Task description
Take the lines from the one with "plakat fra filmen Druk" through the end of the material below and repeat them exactly, dropping every picture.

Material provided
BEGIN

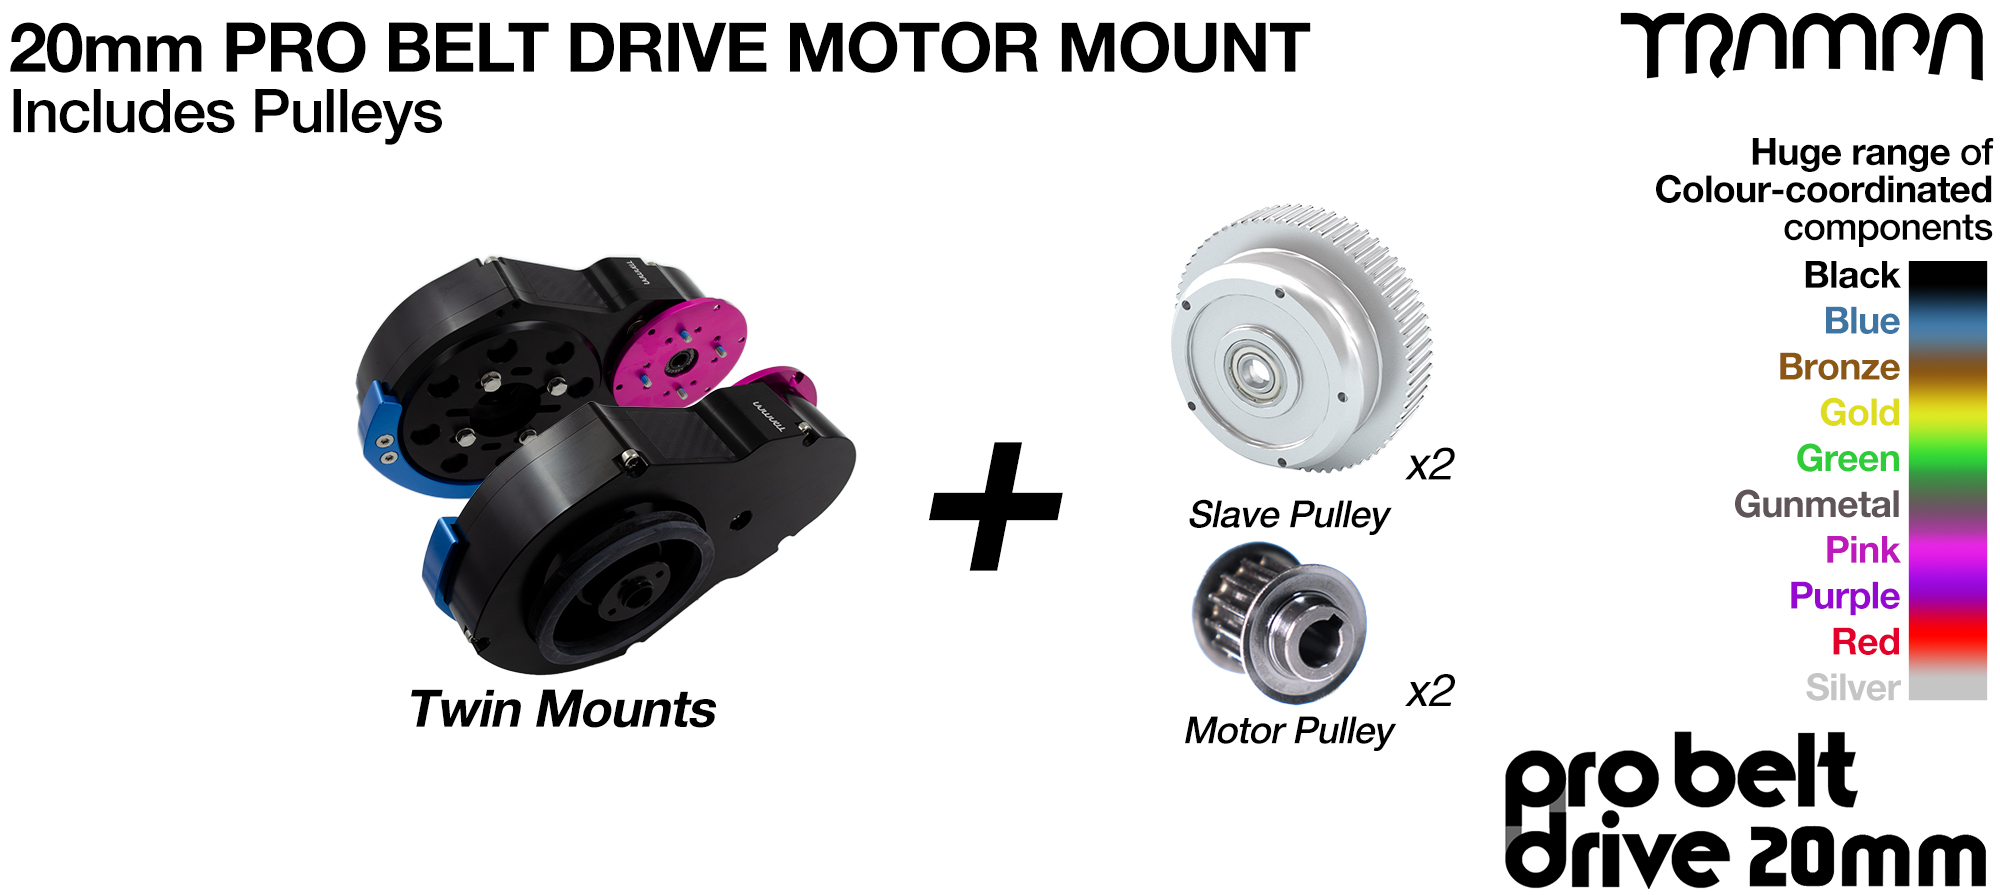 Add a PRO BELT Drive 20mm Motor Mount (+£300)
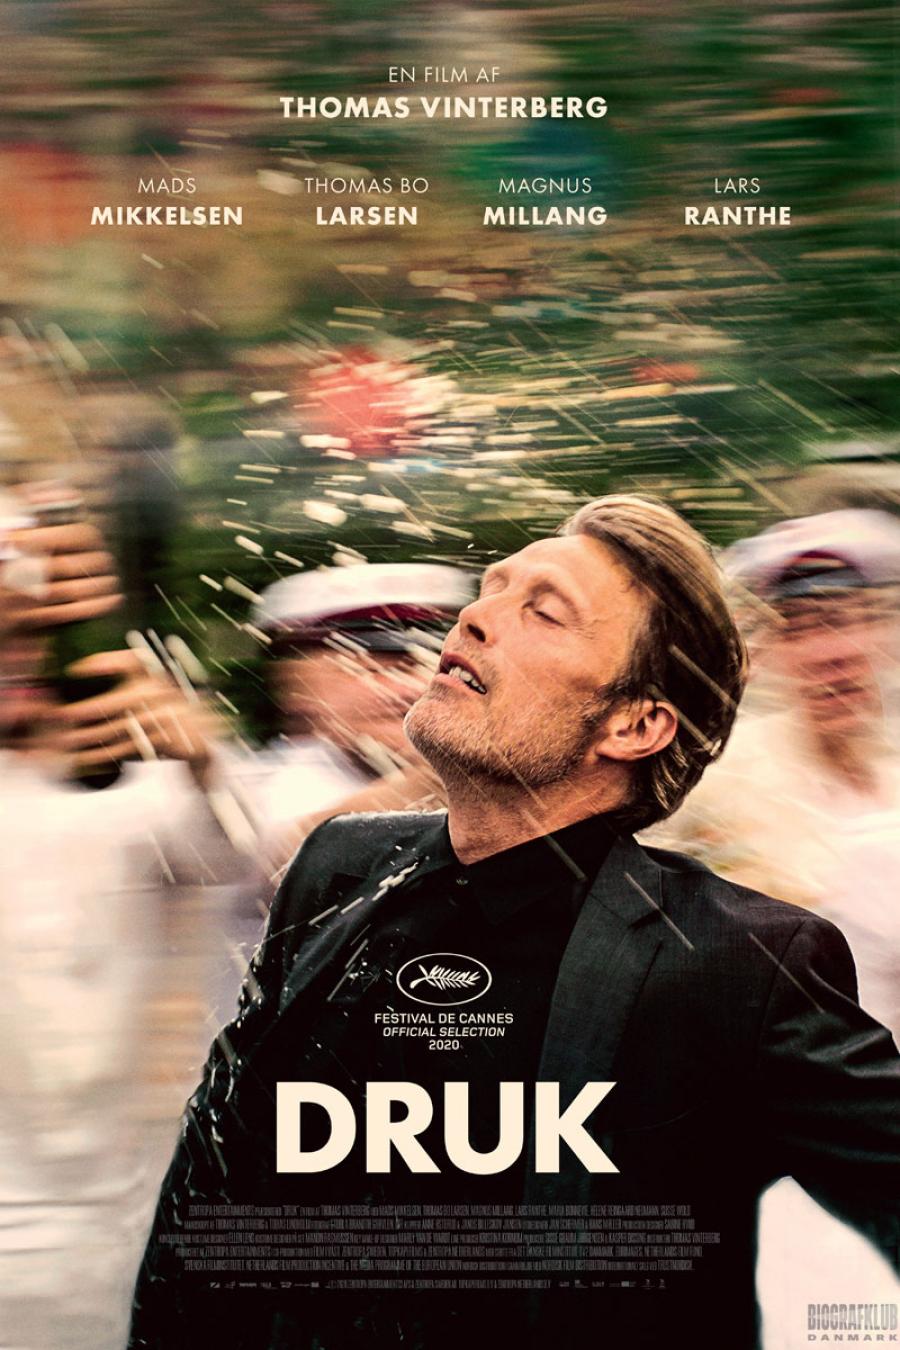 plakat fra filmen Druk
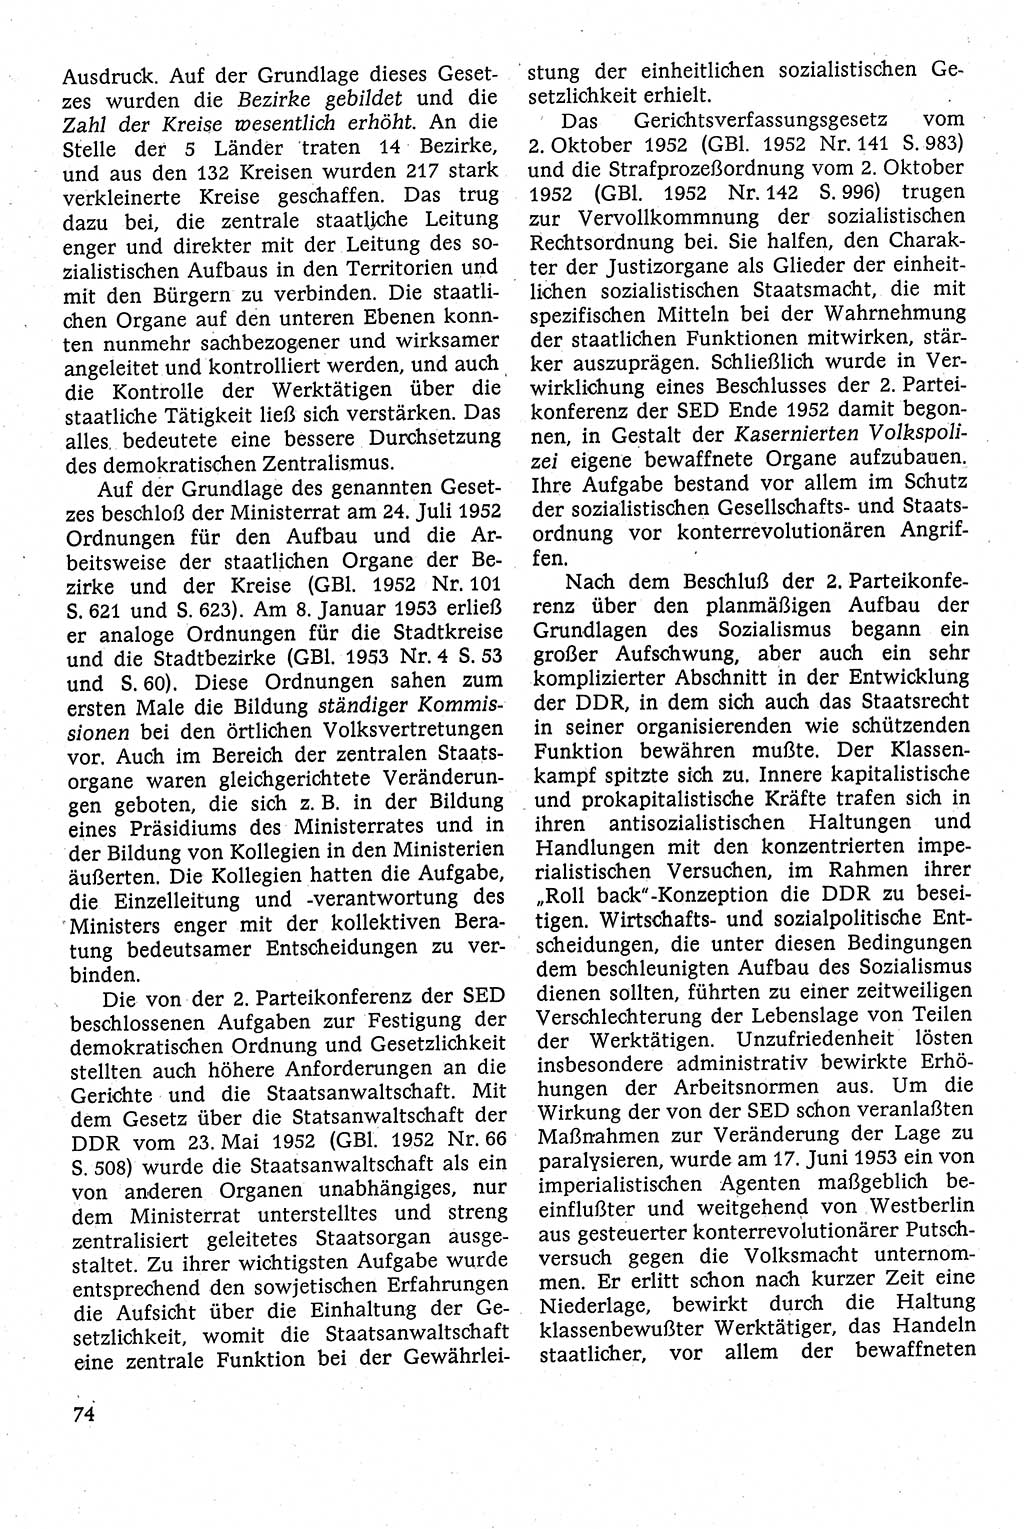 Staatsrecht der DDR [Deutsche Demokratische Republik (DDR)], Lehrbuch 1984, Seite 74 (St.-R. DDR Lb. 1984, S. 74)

END

Reply to the exercise
 plakat fra filmen Druk
 Staatsrecht der DDR [Deutsche Demokratische Republik (DDR)], Lehrbuch 1984, Seite 74 (St.-R. DDR Lb. 1984, S. 74)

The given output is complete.